Task item =>
What you give back should be exactly the lines from the one with "Loja para alugar" through the final line of the material, pictures removed; please add nothing.

----- Exercise data

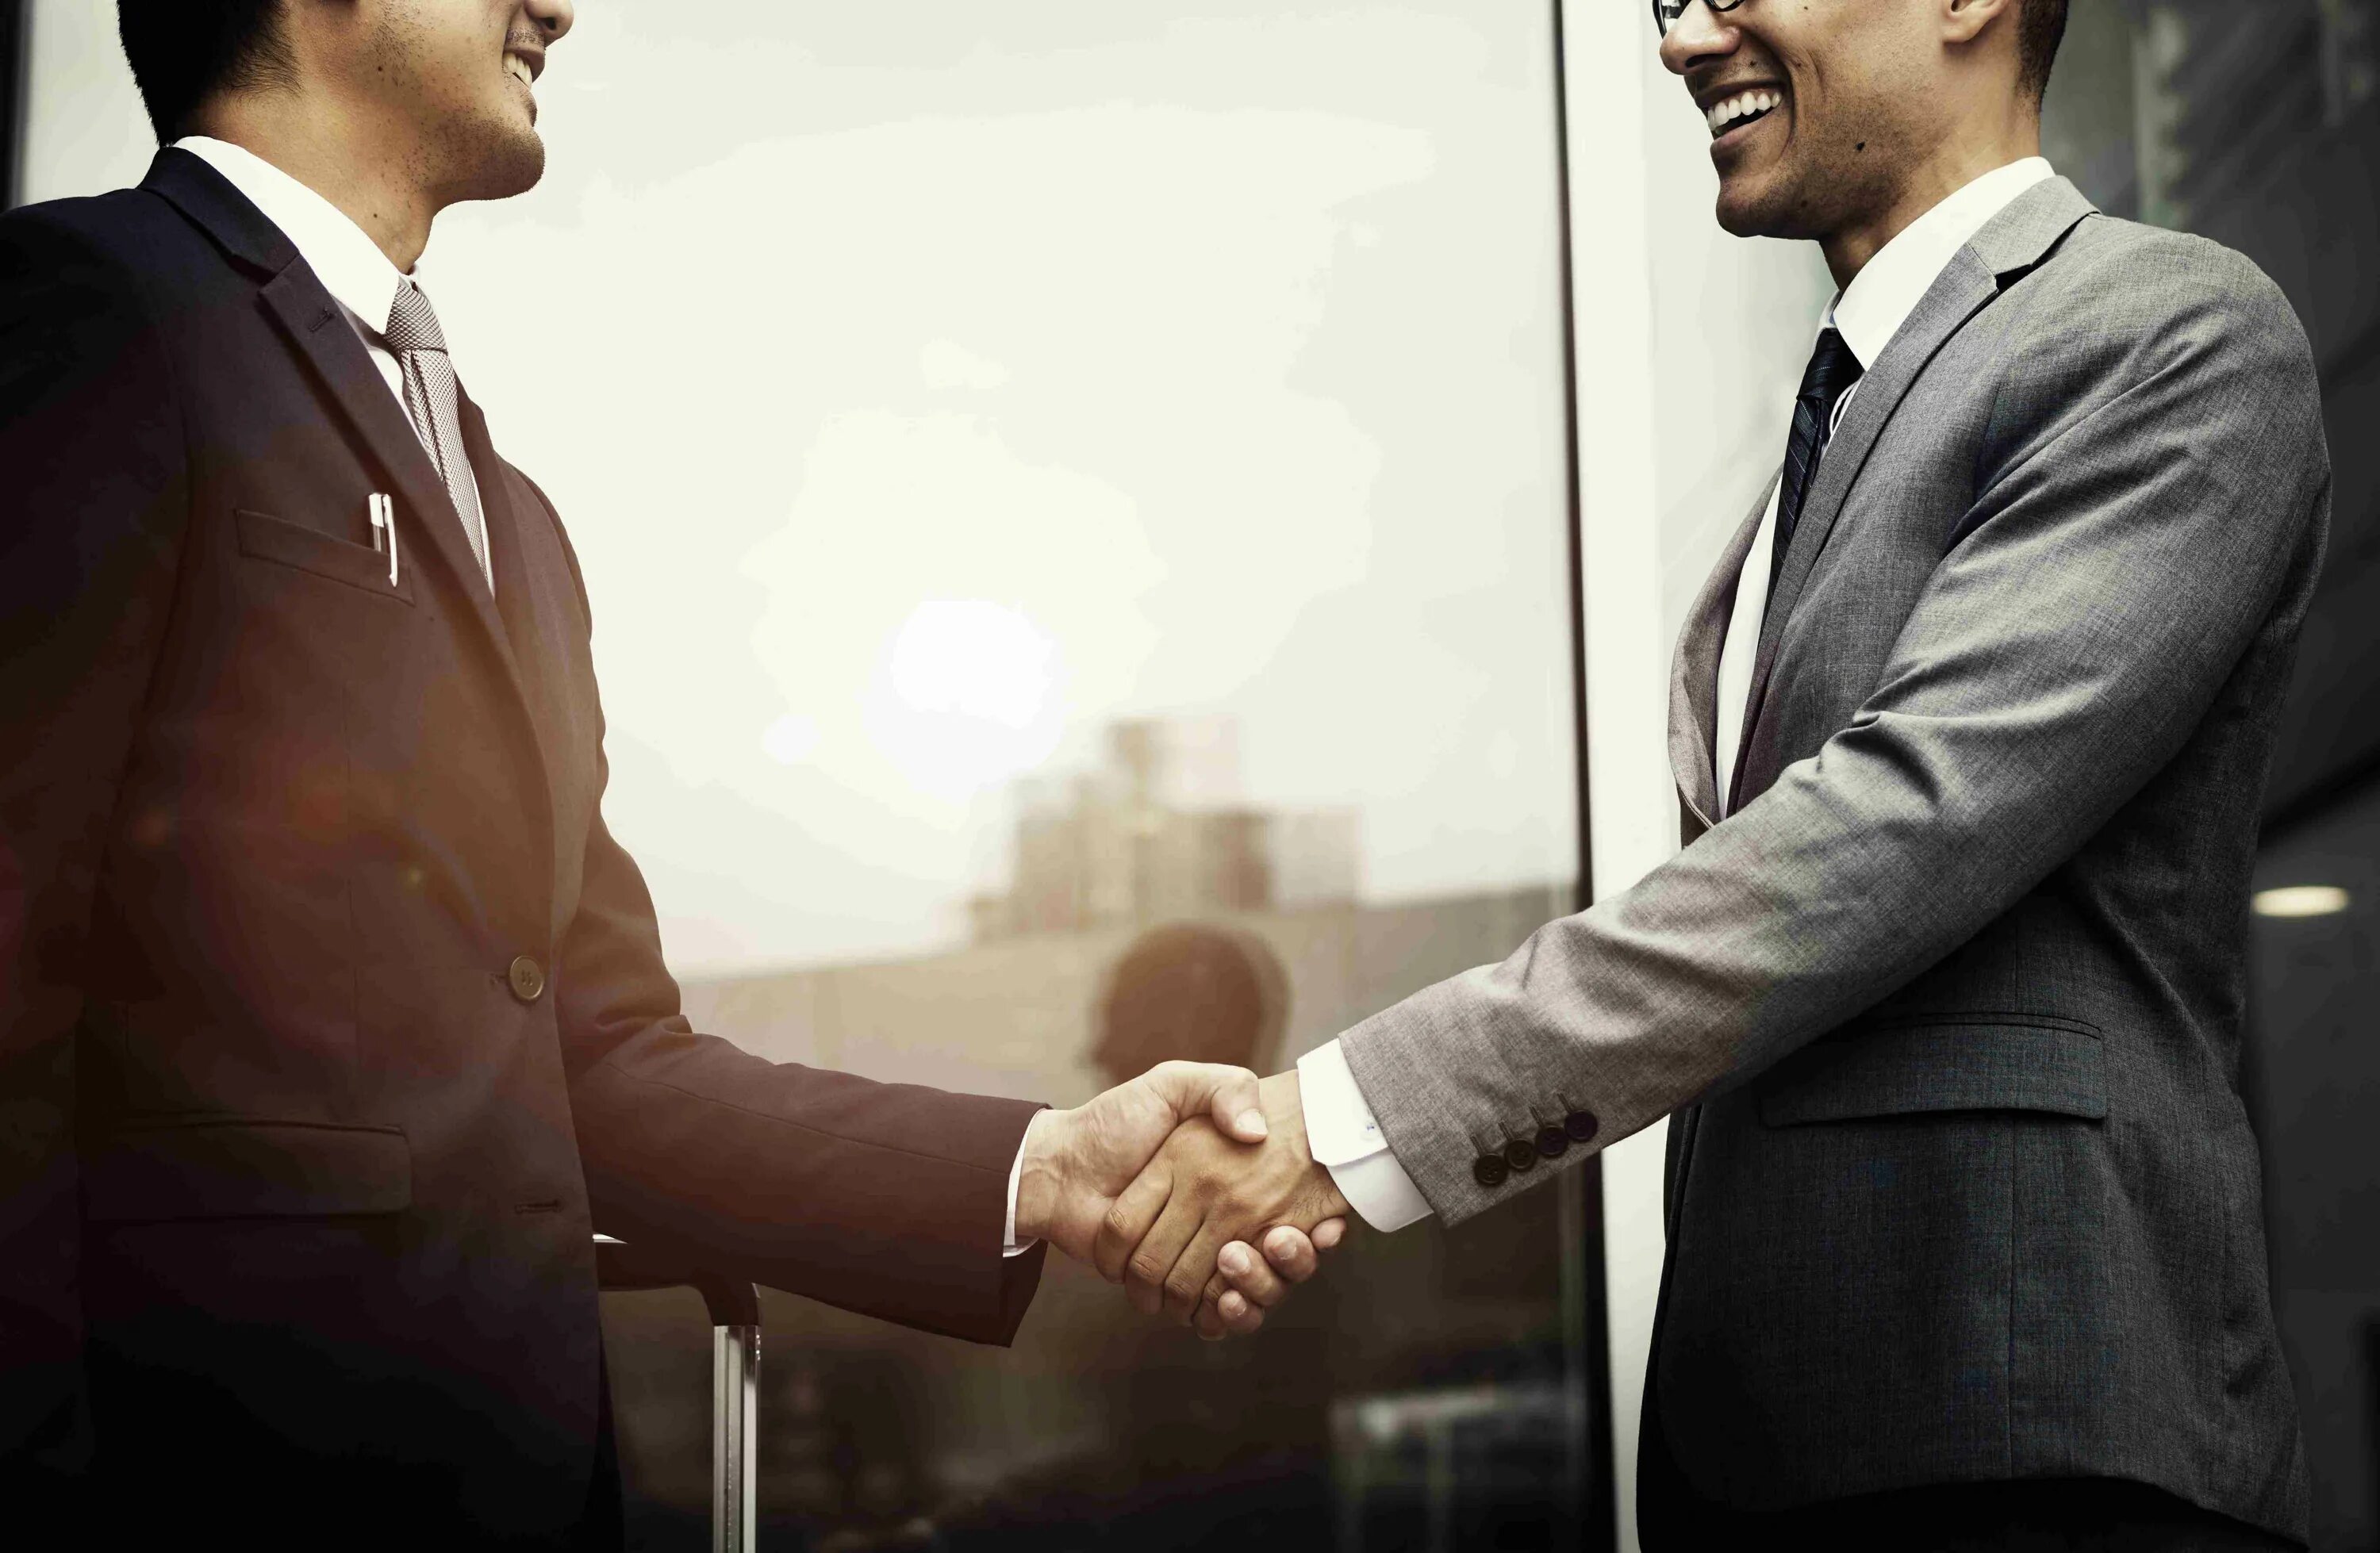 Client handshake. Бизнесмены пожимают руки. Рукопожатие бизнесменов. Рукопожатие деловых партнеров. Мужчины жмут руки.
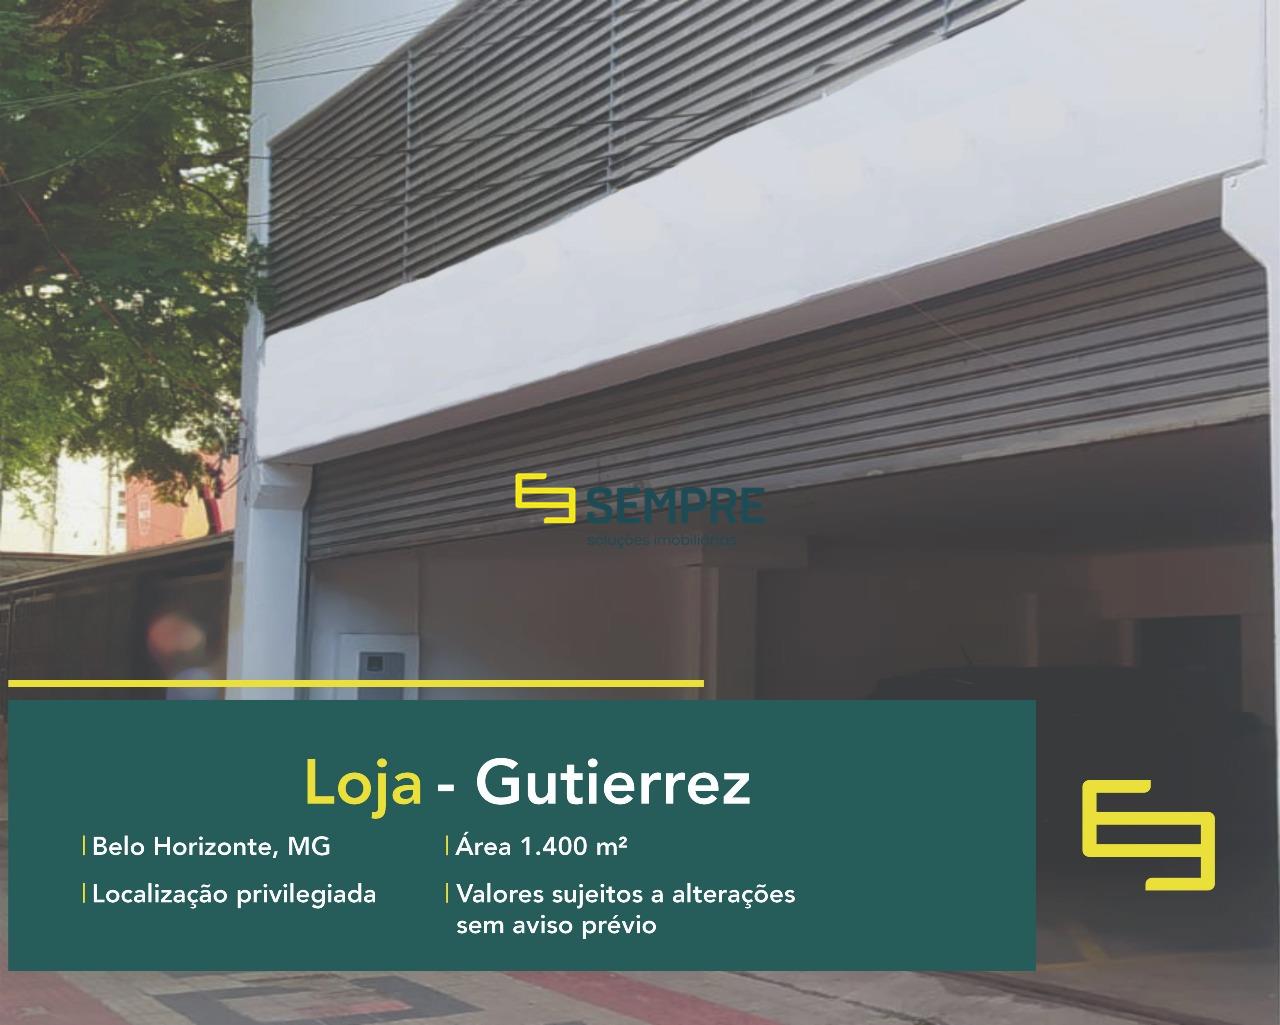 Loja para alugar no bairro Gutierrez em Belo Horizonte, excelente localização. O estabelecimento comercial conta com área de 1.400 m².
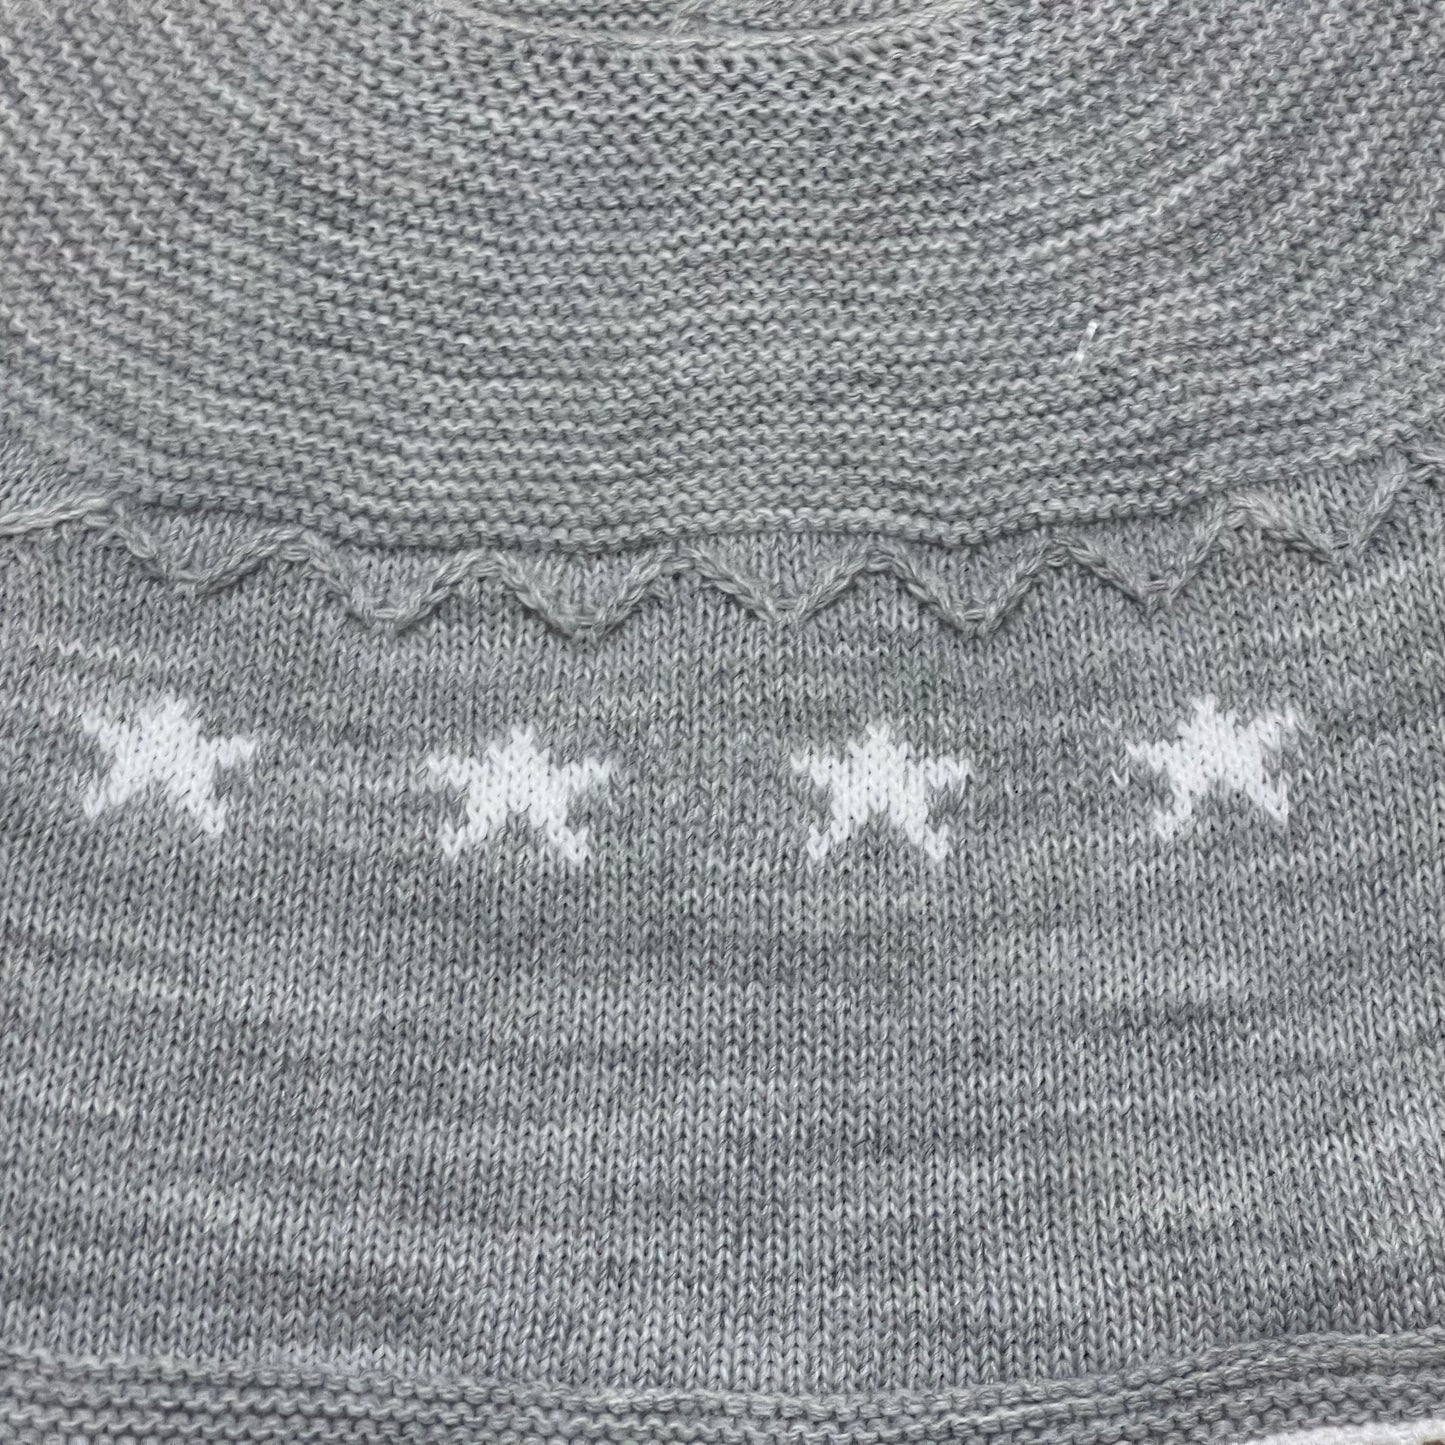 Comprar conjunto de primera puesta de lana. Color gris. Detalle de estrellas blancas. Temporada otoño/invierno.

----------

Exercise output =>
 Loja para alugar no bairro Gutierrez em Belo Horizonte, excelente localização. O estabelecimento comercial conta com área de 1.400 m².
 Comprar conjunto de primera puesta de lana. Color gris. Detalle de estrellas blancas. Temporada otoño/invierno.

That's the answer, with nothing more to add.